As digitalization necessitates a change management approach, the psychological safety of individuals and teams undergoing the change is key for transitioning from Industry 5.0 to Society 5.0. Although there is a proliferation of studies on Industry 5.0 across sectors, the implications for Society 5.0 are less discernible. Most studies focus on technological factors and less on human and social capital, for example, the manufacturing Industry 5.0 (Latino, 2025). In automotive and healthcare Industry 5.0 studies—due to their focus on users such as senior citizens or patients—the emphasis on Society 5.0 is attenuated (Murugan et al., 2024; Stanojčić et al., 2022). Thus, this study offers valuable directions for leaders fostering the move from Industry 5.0 to Society 5.0 focusing on worker well-being.

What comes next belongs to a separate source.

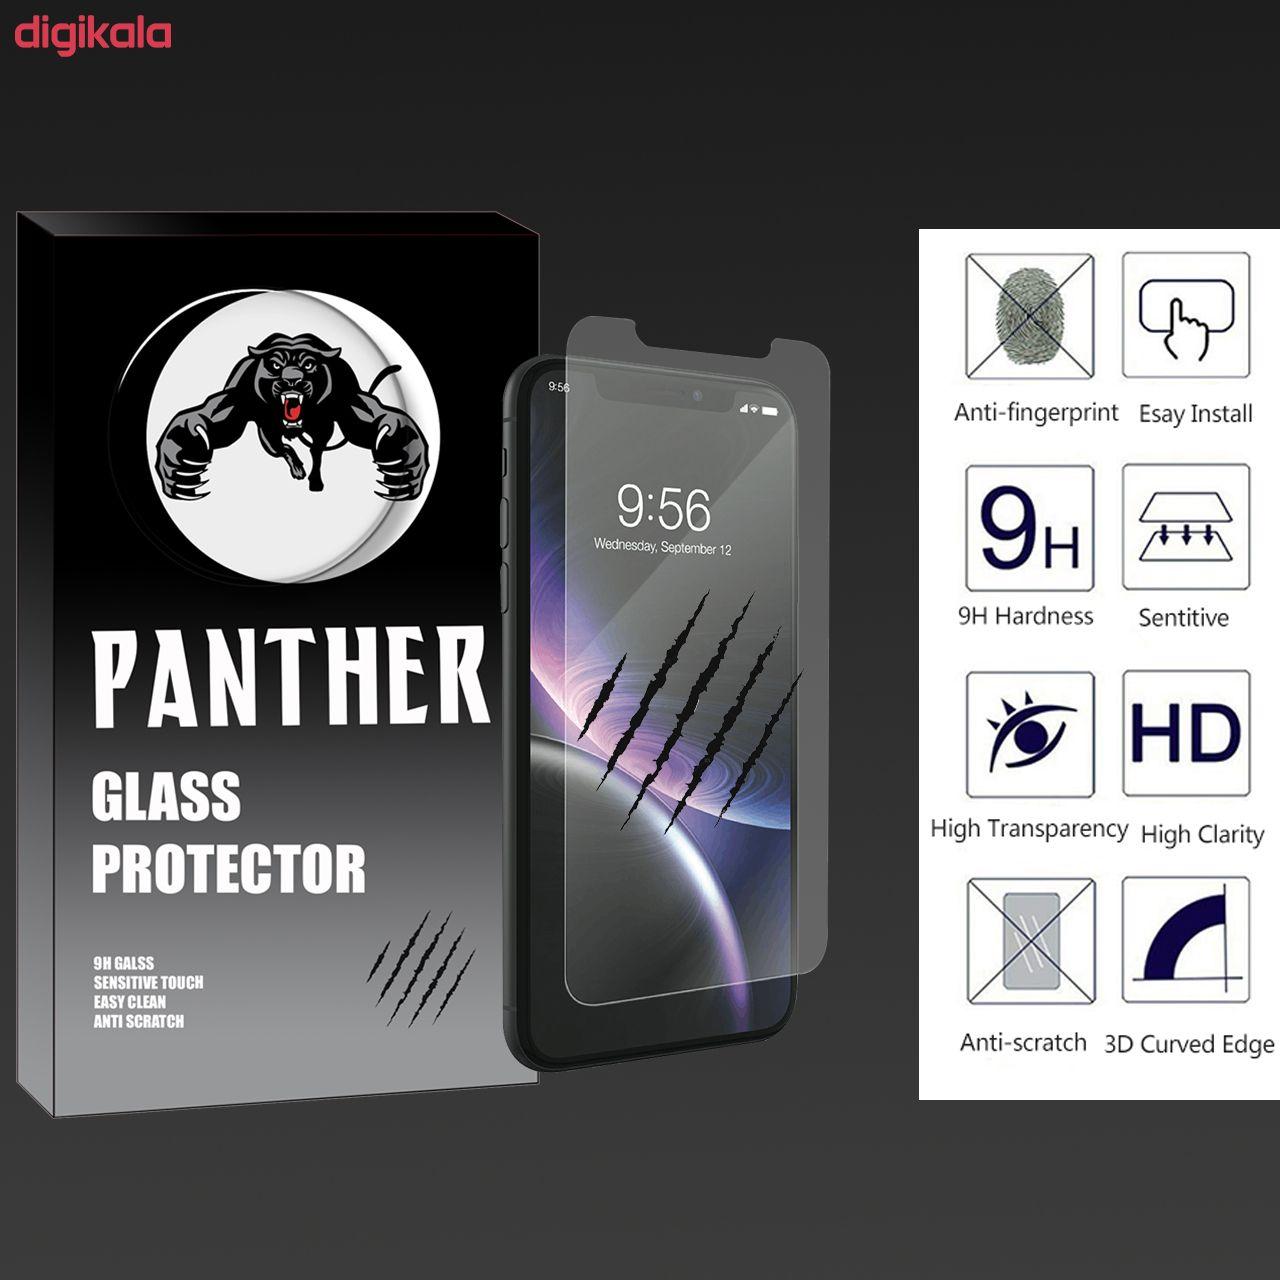 محافظ صفحه نمایش پنتر مدل SDP-099 مناسب برای گوشی موبایل سامسونگ Galaxy A10S main 1 2

The managerial recommendations follow the triple-level view of psychological safety:

First, at the individual level, the role of leaders is in attracting, developing, and retaining digital talent (Lewis & Heckman, 2006; Papadonikolaki et al., 2025) by ensuring they create not only stimulating but also safe environments. Talent management becomes strategic in the digitalization of projects (Liu et al., 2024; Papadonikolaki et al., 2025). There, strategic alignment of digitalization visions with well-being and inclusion initiatives is crucially important for avoiding tensions among strategic priorities.

Awareness and commitment can prepare digitally enabled projects for Society 5.0, because recognizing the role of leadership in psychological safety can increase human well-being and directly support human and social capital.